Их уверенность, их молчаливая поддержка вернула меня в настоящее. Любищева и его систему предстояло переиграть, но для этого сначала нужно было безупречно пройти церемонию здесь и сейчас.
Я сделал последние шаги, отделяющие меня от Лады, и остановился рядом с ней.
Она медленно подняла на меня глаза. В глубине ее голубых глаз плескалась целая буря — надежда, тревога, незаданный вопрос. Ее губы тронула та самая теплая, искренняя улыбка, что я видел в саду Багрецовых, когда мы оставались наедине. Она была похожа на ребенка, увидевшего в темноте спасительный свет.
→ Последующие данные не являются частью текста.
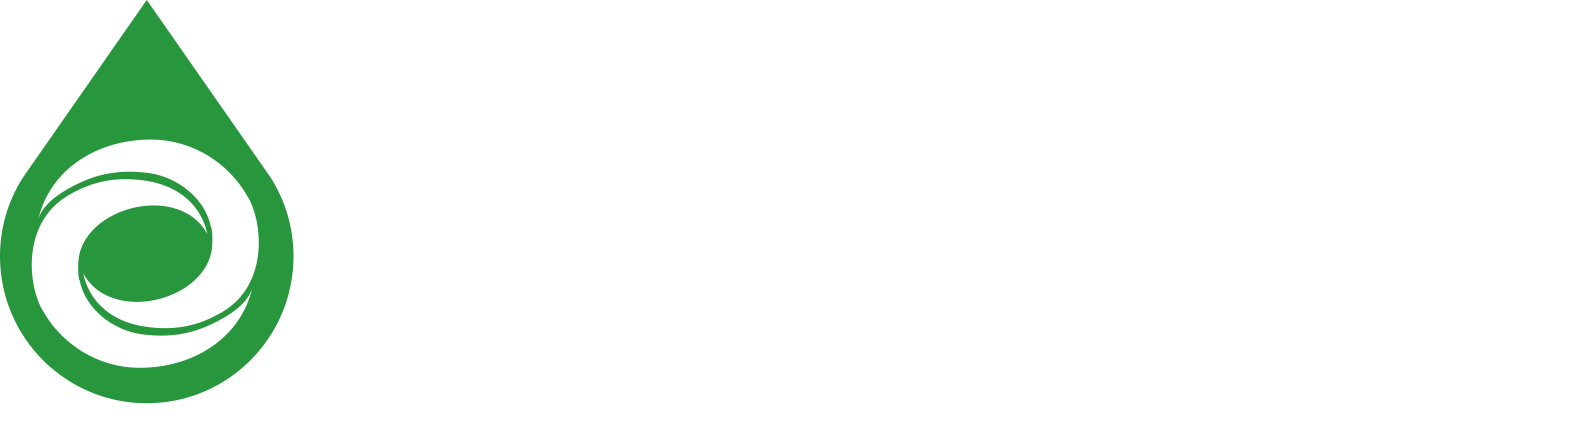 Synthesis logo white

И все это — либо ложь, либо наивность, щедро приправленная предательством. Она знала. Знала про закладку, про тот проклятый «образ», что ее родные вживили в меня, словно паразита. Знала — и не сказала ни слова. Позволила им использовать свое лицо, свой облик как оружие против меня. А теперь смотрит с надеждой, будто ждет благодарности за эту ловко расставленную ловушку.
Я ответил ей холодной, дежурной улыбкой.
Мы стояли на низком возвышении перед золоченым престолом, уставленным иконами в тяжелых окладах. Спиной к алтарной части, лицом — к нескончаемому морю лиц в храме. Выше, теряясь в дымке ладана, виднелись фигуры в мундирах Канцелярии и Герольдии.
Оглушительный гул органа сменился приглушенным, но плотным гудением сотен голосов, шелестом парчи, скрипом лавок. Из-за алтаря доносилось тихое, монотонное бормотание священников, готовящих чаши и требники.
По левую руку от нас, у самого края возвышения, стоял верховный церемониймейстер Герольдии — древний старец с лицом, как из дубовой коры, и голосом, подобным скрипу деревянных колес. Он держал раскрытый на бархатной подушке фолиант Уложения о Браках.
Церемониймейстер откашлялся, и его скрипучий голос, усиленный акустикой храма, заглушил даже орган:
— По воле Всемогущего, по законам Империи Российской, по древним уставам и регламентам благородных родов, собрались мы ныне, дабы скрепить нерасторжимыми узами союз двух душ, двух воль, двух кровей.
Гул в зале затих, наступила звенящая тишина. Все взгляды, все невидимые щупы были прикованы к нам. Церемониймейстер умолк, передавая тяжелый, полный невысказанных смыслов взгляд верховному священнику.
Бас митрополита заполнил все пространство храма:
— Лада Гордеевна, по доброй ли воле и твердому ли разумению предстаете вы пред лицом Высшего Суда? Готовы ли вы принять волю своего избранника как свою, а свою волю — как его?
Лада глубоко вздохнула, ее грудь поднялась под белоснежным шелком. Она приоткрыла рот, но ни звука не сорвалось с ее губ: лишь тихий, болезненный выдох нарушил мертвую тишину.
Ее глаза расширились с ужасом и растерянностью. Она попыталась снова: мышцы на тонкой шее напряглись, жилы проступили под кожей, но голосовые связки оставались парализованными, будто сжатые невидимой железной хваткой.
Лада не могла дать согласие на свадьбу.